How can it be possible or in which scenarios it could be possible...??
Please share yout thoughts for the same.

Cheers,
Pavan Yadav
 

Pavan Yadav

Member
No Tom.. This is the only scenario. There are few more indexes on this table but i guess that should not to do anything with this.
Also, I have a doubt over here that does sequence of fields does really matters while selecting an index because both indexes have same fields but with different sequence only, so are these two indexes really required?
Please guide.
 

RealHeavyDude

Well-Known Member
From my point of view it does not matter which index the compiler picks because both are equally valid choices: Each index contains each field specified in the query - just in a different order. Therefore depending on the index picked, the records are fetched in a different order. If the order would matter one would specify a by clause.

OTOH - I don't remember the rule of 7 exactly ( there are seven rules which the compiler tries to apply sequentially in order to find out which index to pick ), but, as far as I remember, the last rule says the name of the index in alphabetical order.

Are the table, fields and indexes really named like in your sample code - or is this just sample code and you need to reveal the real names?


Heavy Regards, RealHeavyDude.
 

Rob Fitzpatrick

ProgressTalk.com Sponsor
No Tom.. This is the only scenario. There are few more indexes on this table but i guess that should not to do anything with this.
Also, I have a doubt over here that does sequence of fields does really matters while selecting an index because both indexes have same fields but with different sequence only, so are these two indexes really required?
Please guide.

It depends on your WHERE clause. In this particular query, as RHD said, either index yields the same result. Given that all operators are AND, the WHERE clause could be rewritten as "where field1 = "--" and field3 = "--" and field5 = "--" and field4 = "--" and field2 = "--"" and it is logically the same. This matches the component order in index2. However that doesn't mean all queries work equally well with both indexes.

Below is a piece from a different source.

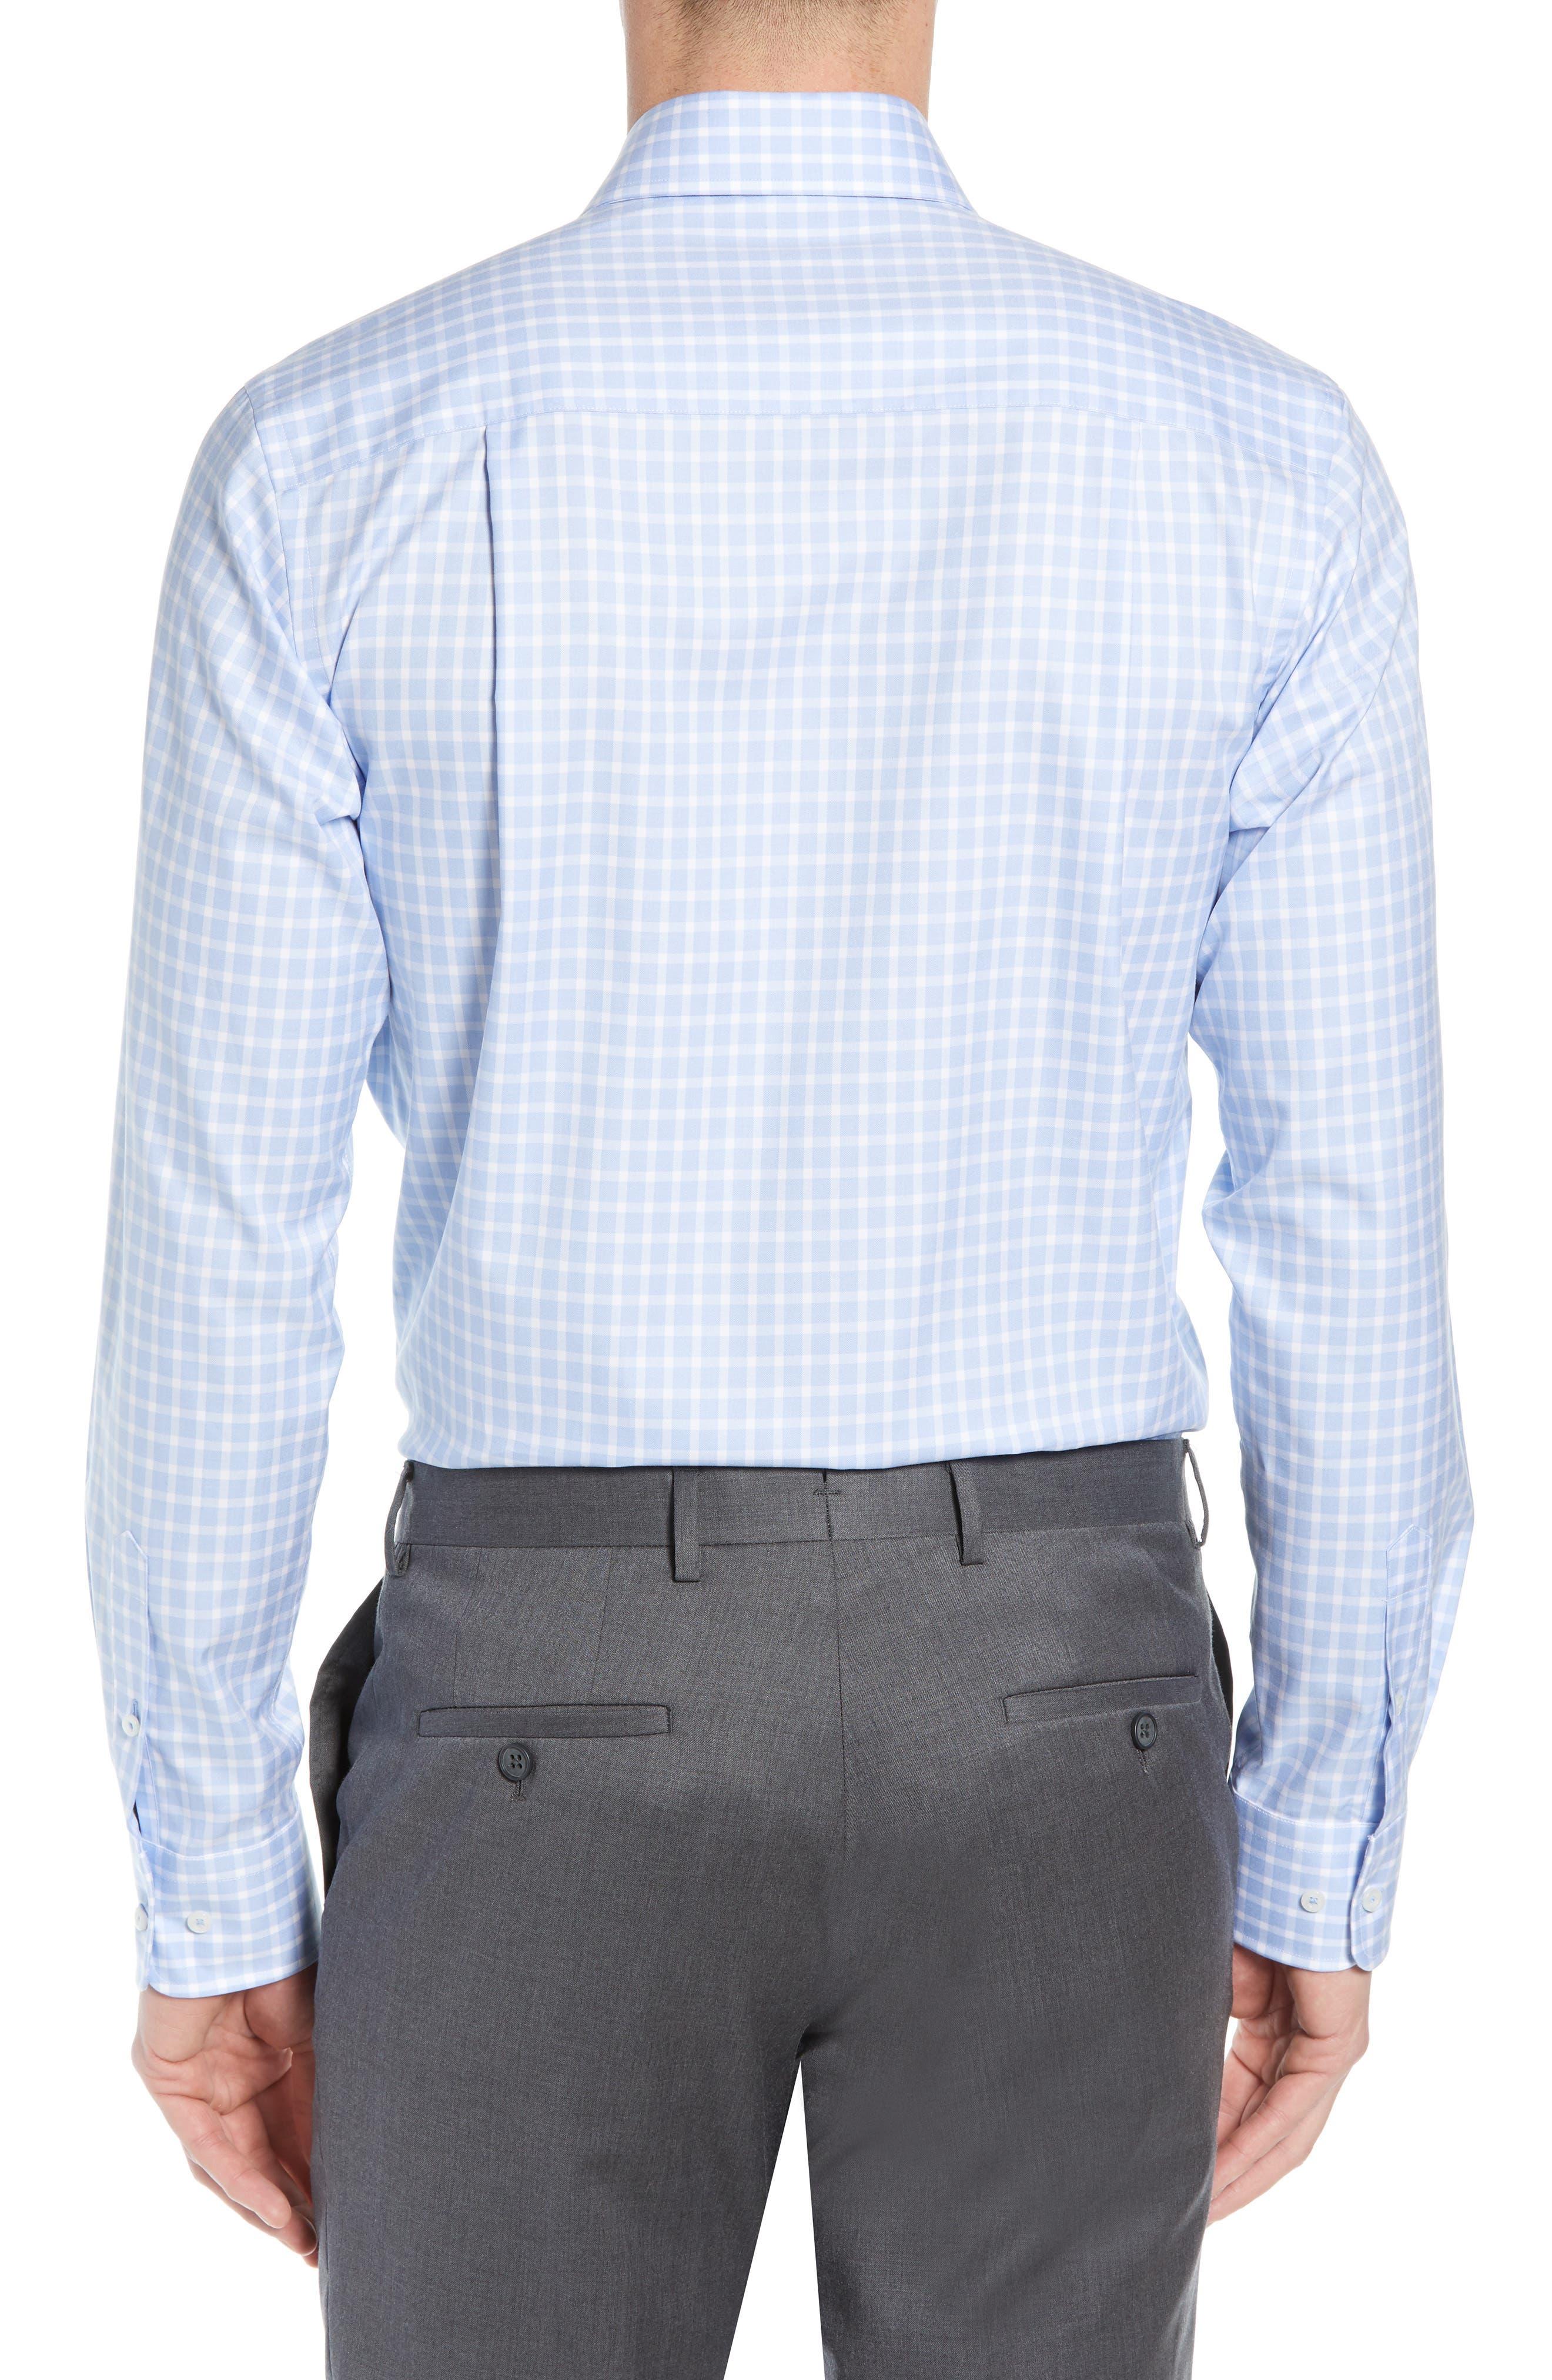 DAVID DONAHUE, Trim Fit Check Dress Shirt, Alternate thumbnail 3, color, BLUE

If one of your components had a range match instead of an equality match (e.g. field3 > "value"), or if your WHERE clause contained fewer than five fields, then order would matter.
 

Pavan Yadav

Member
Real Indexes are :
pu ld_loc_p_lot
u ld_part_lot
and query picked ld_part_lot instead of ld_loc_p_lot I was expecting as per above scenario.
@ RHD : I am totally agreed with your point that it doesn't matters because both are equally valid choice, But I just put this point for clearing some Index concepts in this particular scenario.

@Rob : Yes, it matters if we will be having some range match or some field would be differnt from one's specified in Index. But here, there is no such case :(
So just had thought of to dicuss that what could be scenario of such behaviour.
 

TomBascom

Curmudgeon
Order of fields in the WHERE clause is not supposed to matter.

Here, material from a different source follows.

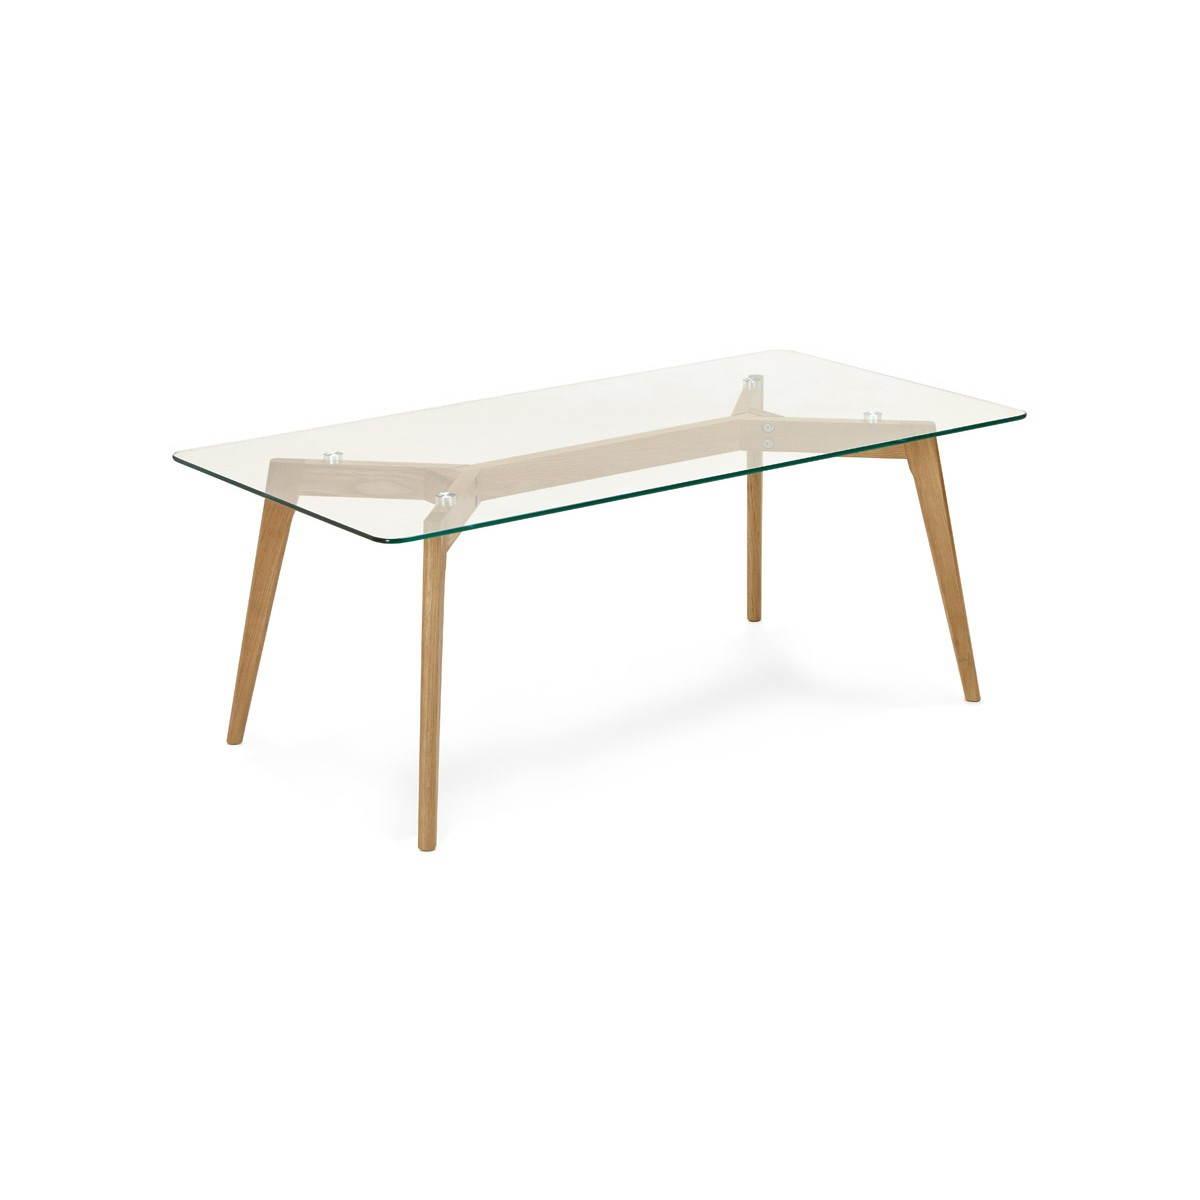 table basse rectangulaire style scandinave henna en verre et chene transparent amp story 3988

Order of fields within the index definition does matter -- having two different indexes with the same fields, but in a different order, means that there are two different sort orders. If you do not need two sort orders then, yes, you only need one of those indexes. But it is likely that whoever created the 2nd one did so because there was a need for an alternative ordering.

The simple index selection rules use the "primary" attribute as a tie-breaker prior to "alphabetical order". If there is an undisclosed BY clause that is also a tie-breaker that ranks before the test for "primary".

However there can be complexities -- especially if one of these indexes has more fields in it than we are being told or if the real query has more comparisons or if some of the comparisons are not actually "=" etc.

Continuing to speculate on why made up stuff behaves in an imaginary way probably won't get anyone anything except frustrated.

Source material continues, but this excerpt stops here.